1

I have a file full of long SQL queries, one per line. I need to create a list of unique queries, but most of the queries include parameter values that make using an exact matching tool like uniq impossible. Is there a way to find unique lines "fuzzily", like agrep?

Matt Alexander
  • 725
  • 1
  • 7
  • 20
  • 4
    It would be handy if you can show some sample input data, and what result you expect. Did you try anything that came close? – Bernhard Apr 29 '14 at 11:55
  • aaa, aab, abb, bbb have only one difference between one and the next. Should they be considered all the same? Which one to pick? – Stéphane Chazelas Apr 29 '14 at 12:08
  • It should be more like a percentage. For example, those would all be different if the percentage was set to 5% difference. – Matt Alexander Apr 29 '14 at 12:22
  • 3
    That would still be the same. _approximative comparison_ is not a transitive order (a = b and b = c doesn't necessarily mean a = c if the condition to be equal is that there be less than 5% difference, so if you have a = b and b = c (but possibly a != c), which one(s) should that _`uniq`_ return?). It would definitely help to have a sample input and expected output. – Stéphane Chazelas Apr 29 '14 at 12:41
  • 1
    You might have better luck on http://dba.stackexchange.com/ for an actual DB solution to this problem. I would recast your Q asking it in DB terms and leave this one here asking for a solution using `uniq`, `agrep`, etc. since there are 2 paths to take for you, there seems to be 2 potential Q's. Just don't copy/paste this verbatim there or you'll likely get them both closed as cross-posts which isn't discouraged on SE sites.

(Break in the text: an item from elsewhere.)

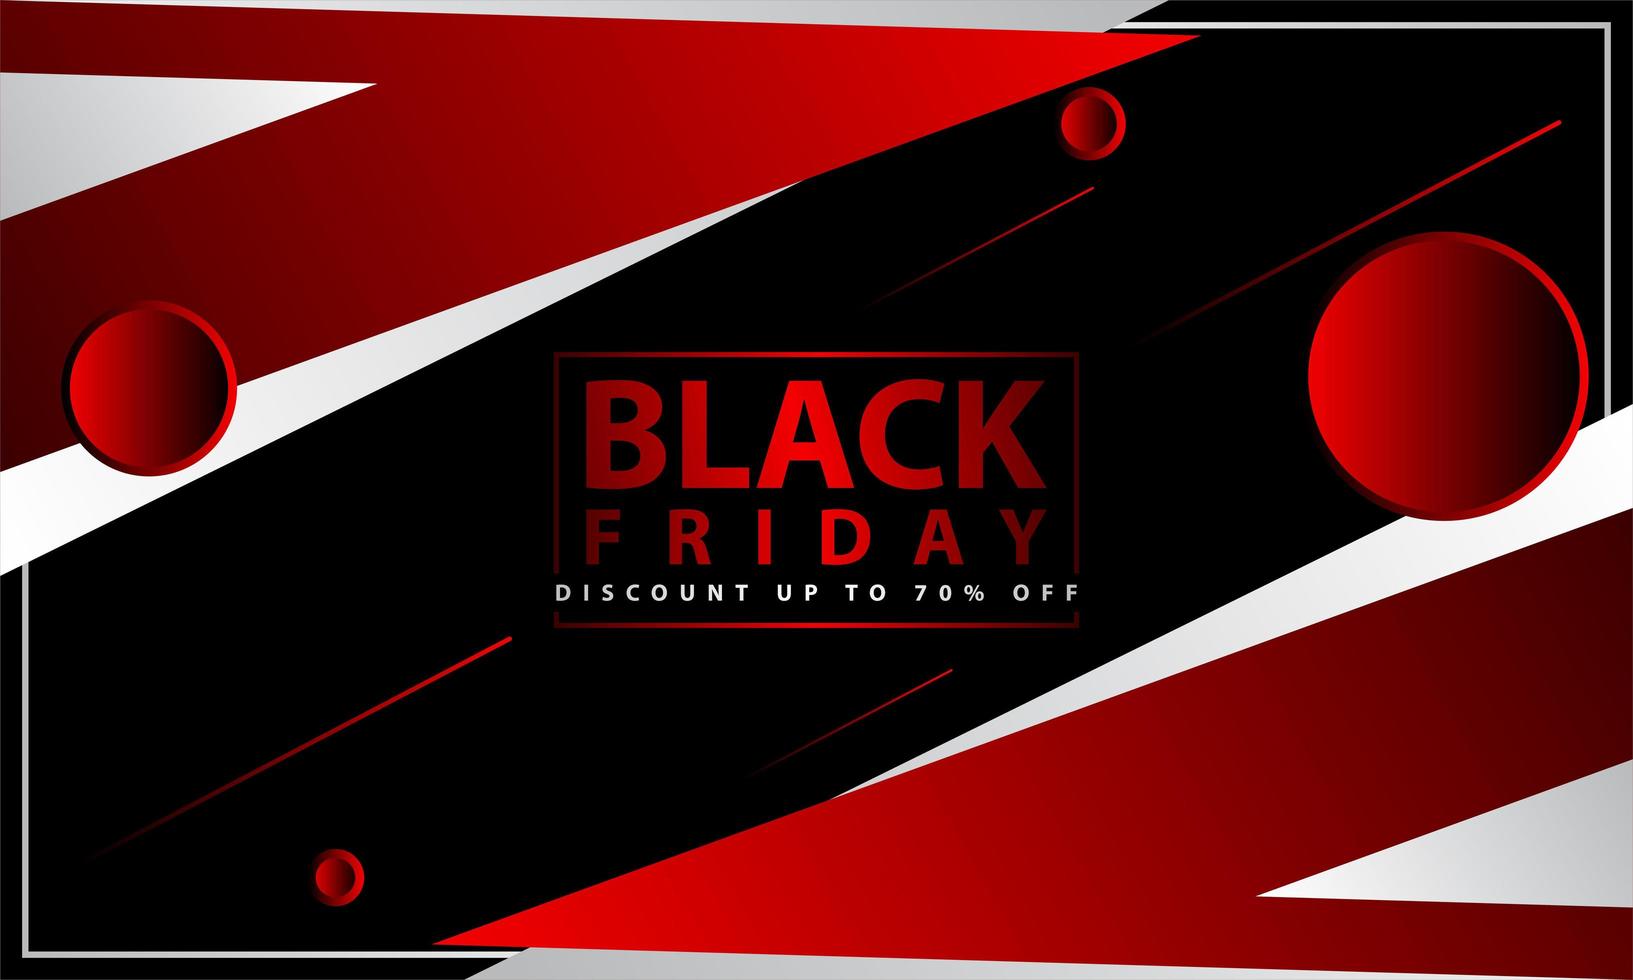 Black Friday Red, White and Black Geometric Design vector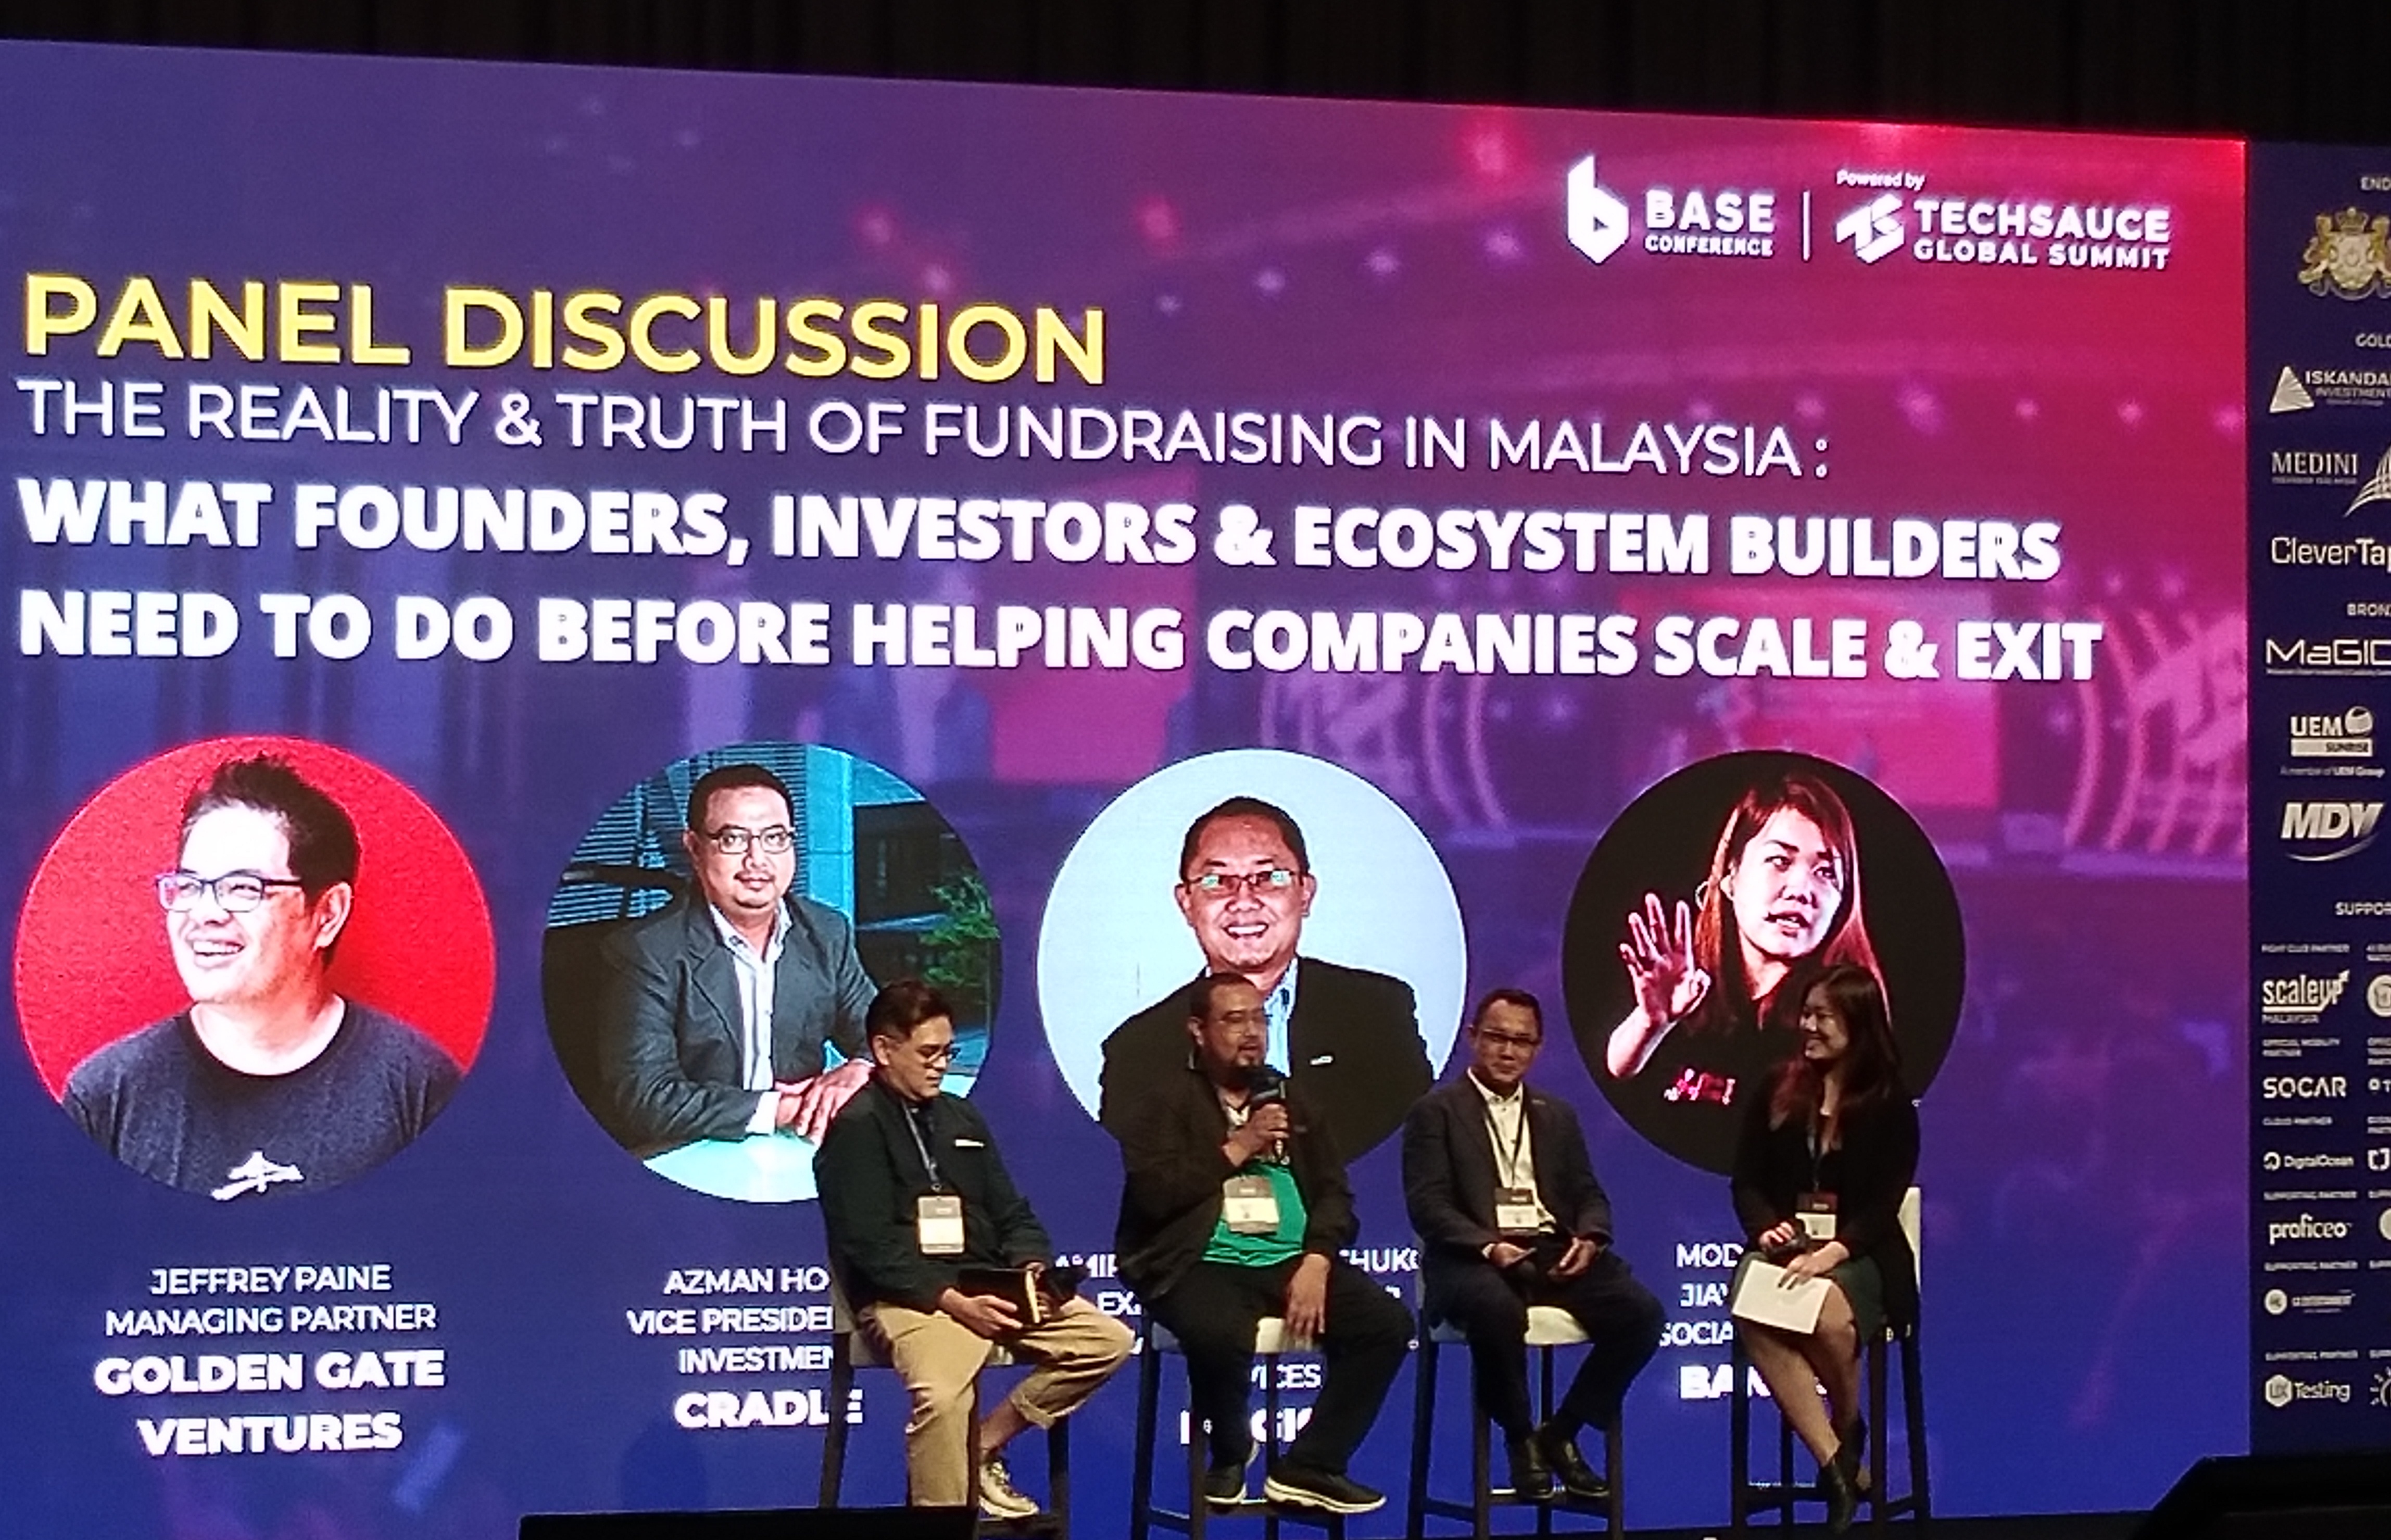 Startup founders in Malaysia need to learn from others around the region

Also you might want to show some of these queries so we can better assist you. – slm Apr 30 '14 at 13:23

2 Answers2

1

If the queries are predictable enough, maybe you could simply sed out the parameter values--e.g. if many queries contain equality comparison with numbers, sed 's/=[[:digit:]]+//g' would remove all the actual numbers, leaving only the column names.

Otherwise, the only really general solutions I can think of are pattern recognition techniques like k-nearest neighbors, which can classify arbitrary lists of strings into clusters based on similarity.

Aaron Davies
  • 274
  • 1
  • 5
1

You might have luck running every query through EXPLAIN ANALYZE and finding unique results in the query plans.

Dan Stoner
  • 94
  • 2